Calculation of normalized counts for aggregate plots

Expression of captured transcripts was determined based on the Illumina Body Map libraries for testis and liver, using the STAR genome aligner (v.2.4.0d) and RSEM (v.1.2.12). Genomic regions of 5’ ends of captured transcripts that were detectable in a tissue (FPKM > 0), were overlapped with CAGE tags (FANTOM5) and epigenetic marks for the appropriate tissues in the area of + – 5 kb. The counts were normalized by the number of transcripts. Negative control regions were calculated with R package ChIPseeker for the same number of transcripts as the visualized captured transcripts and expanded to the width of 10 kb [111]. Known promoters and exons of GENCODE genes were excluded from these areas, that were then overlapped with CAGE and epigenetic marks, as described above. Positive control was based on lncRNAs with median expression over Illumina Body map tissues matched to median of captured transcripts in the same libraries.

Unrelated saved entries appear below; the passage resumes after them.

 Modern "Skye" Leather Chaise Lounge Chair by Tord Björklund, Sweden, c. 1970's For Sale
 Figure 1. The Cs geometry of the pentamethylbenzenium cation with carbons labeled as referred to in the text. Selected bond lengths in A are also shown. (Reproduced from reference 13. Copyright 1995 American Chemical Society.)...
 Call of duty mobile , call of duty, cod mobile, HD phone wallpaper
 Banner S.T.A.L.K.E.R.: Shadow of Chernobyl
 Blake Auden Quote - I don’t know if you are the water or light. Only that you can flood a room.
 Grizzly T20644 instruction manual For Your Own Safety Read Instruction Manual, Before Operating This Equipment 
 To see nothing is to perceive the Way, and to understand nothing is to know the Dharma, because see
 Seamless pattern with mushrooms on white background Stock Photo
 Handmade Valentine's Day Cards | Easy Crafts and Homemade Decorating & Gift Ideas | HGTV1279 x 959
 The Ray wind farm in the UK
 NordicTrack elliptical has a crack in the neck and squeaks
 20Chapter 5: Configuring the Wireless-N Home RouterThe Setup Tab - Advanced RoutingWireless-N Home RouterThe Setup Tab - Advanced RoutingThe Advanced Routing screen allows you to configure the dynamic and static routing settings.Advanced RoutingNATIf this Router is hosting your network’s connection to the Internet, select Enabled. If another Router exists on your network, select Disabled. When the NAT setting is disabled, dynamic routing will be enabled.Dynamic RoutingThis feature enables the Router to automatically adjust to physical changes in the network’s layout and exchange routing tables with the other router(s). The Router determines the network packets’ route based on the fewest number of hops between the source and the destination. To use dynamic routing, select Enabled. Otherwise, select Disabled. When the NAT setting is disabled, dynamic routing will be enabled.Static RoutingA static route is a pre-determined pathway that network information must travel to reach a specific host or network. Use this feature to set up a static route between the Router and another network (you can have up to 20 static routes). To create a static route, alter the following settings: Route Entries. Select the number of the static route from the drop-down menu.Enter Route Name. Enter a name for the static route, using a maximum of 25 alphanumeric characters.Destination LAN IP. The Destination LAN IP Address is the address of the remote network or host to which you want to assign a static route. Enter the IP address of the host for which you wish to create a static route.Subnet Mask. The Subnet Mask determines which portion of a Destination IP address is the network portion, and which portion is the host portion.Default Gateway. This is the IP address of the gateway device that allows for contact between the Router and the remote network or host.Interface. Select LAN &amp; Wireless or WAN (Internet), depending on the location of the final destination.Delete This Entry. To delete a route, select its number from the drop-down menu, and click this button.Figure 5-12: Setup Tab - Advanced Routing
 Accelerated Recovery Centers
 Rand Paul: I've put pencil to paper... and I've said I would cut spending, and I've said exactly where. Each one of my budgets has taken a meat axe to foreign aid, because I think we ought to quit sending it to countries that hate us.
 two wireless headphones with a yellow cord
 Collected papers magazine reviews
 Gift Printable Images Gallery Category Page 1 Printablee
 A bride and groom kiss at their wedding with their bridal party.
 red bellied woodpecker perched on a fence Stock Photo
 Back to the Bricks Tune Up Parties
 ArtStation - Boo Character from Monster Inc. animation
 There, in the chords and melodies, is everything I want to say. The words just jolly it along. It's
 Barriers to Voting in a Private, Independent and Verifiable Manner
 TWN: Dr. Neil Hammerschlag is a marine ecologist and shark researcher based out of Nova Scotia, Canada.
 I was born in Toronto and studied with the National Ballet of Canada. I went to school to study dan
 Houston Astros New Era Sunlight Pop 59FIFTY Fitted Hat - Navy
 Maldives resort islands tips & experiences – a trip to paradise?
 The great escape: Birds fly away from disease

Analysis of melanoma samples

The transcripts were assembled and quantified as described previously. The annotation was performed with Cuffcompare (v.2.2.1) [112]. Overlap with the TCGA melanoma samples for primary tumors, metastases, and normals were calculated in R v.3.2.0, while eliminating counts from any previously annotated GENCODE exons. Kaplan–Meier curves based on splitting the populations into half to highly and lowly expressed transcripts were plotted with R package survival.

Transcript validation

Thirty transcripts, ten from each of the low, medium, and high expression categories, were chosen at random to validate transcription from 30 loci. Primers were designed using Primer3 to amplify across splice junctions to prevent false positive detection due to DNA contamination. Primers sequences are available in Additional file 1: Table S4. Acceptable FirstChoice Tissue Panel (Ambion AM6000) RNA quality and quantity was determined by Agilent Bioanalyser 7900 Picochip and Qubit 2.0 Broad Range Assay (ThermoFisher). Reverse transcription was performed on 70–600 ng of the sample RNA using the SuperScript IV Reverse Transcription Kit (Invitrogen) with random hexamers, according to standard protocol. PCR amplification of targeted transcripts was performed on 5–100 ng of complementary DNA using Phusion High-Fidelity PCR Master Mix with HF® Buffer. An initial denaturation step of 30 s at 98 °C was performed followed by 30–37 cycles of 10 s at 98 °C, 30 s at 45–65 °C, and 15 s at 72 °C, with a final extension of 5–10 min at 72 °C. The samples were run at 75 V for 1.5 h on a 1.7% agarose gel containing GelGreen Nucleic Acid Gel Stain (Biotium). Bands of the correct amplicon size were excised from the gel and the DNA purified using the QIAquick Gel Extraction Kit (QIAGEN). The DNA samples were submitted to the Garvan Molecular Genetics facility for Sanger sequencing. The resulting sequences were aligned against the sequences of the targeted transcripts with BLAST [113] and those with at least 95% homology were reported as a match. Tissue-specific isoform sequences are available in the source data files, as described below.

For melanoma samples, a similar procedure was performed against five transcripts, with primers described in Additional file 1: Table S7. PCR products were cleaned using Agencourt AMPure® beads (Agilent), followed by Sanger sequencing using BigDye® Terminator v3.1 (Applied Biosystems), which was cleaned by Agencourt CleanSeq® beads (Agilent). The cleaned sequencing product was run on a 3130 × l 16 capillary genetic analyzer (Applied Biosystems) and the results were analyzed using Sequence Scanner v2 (Applied Biosystems).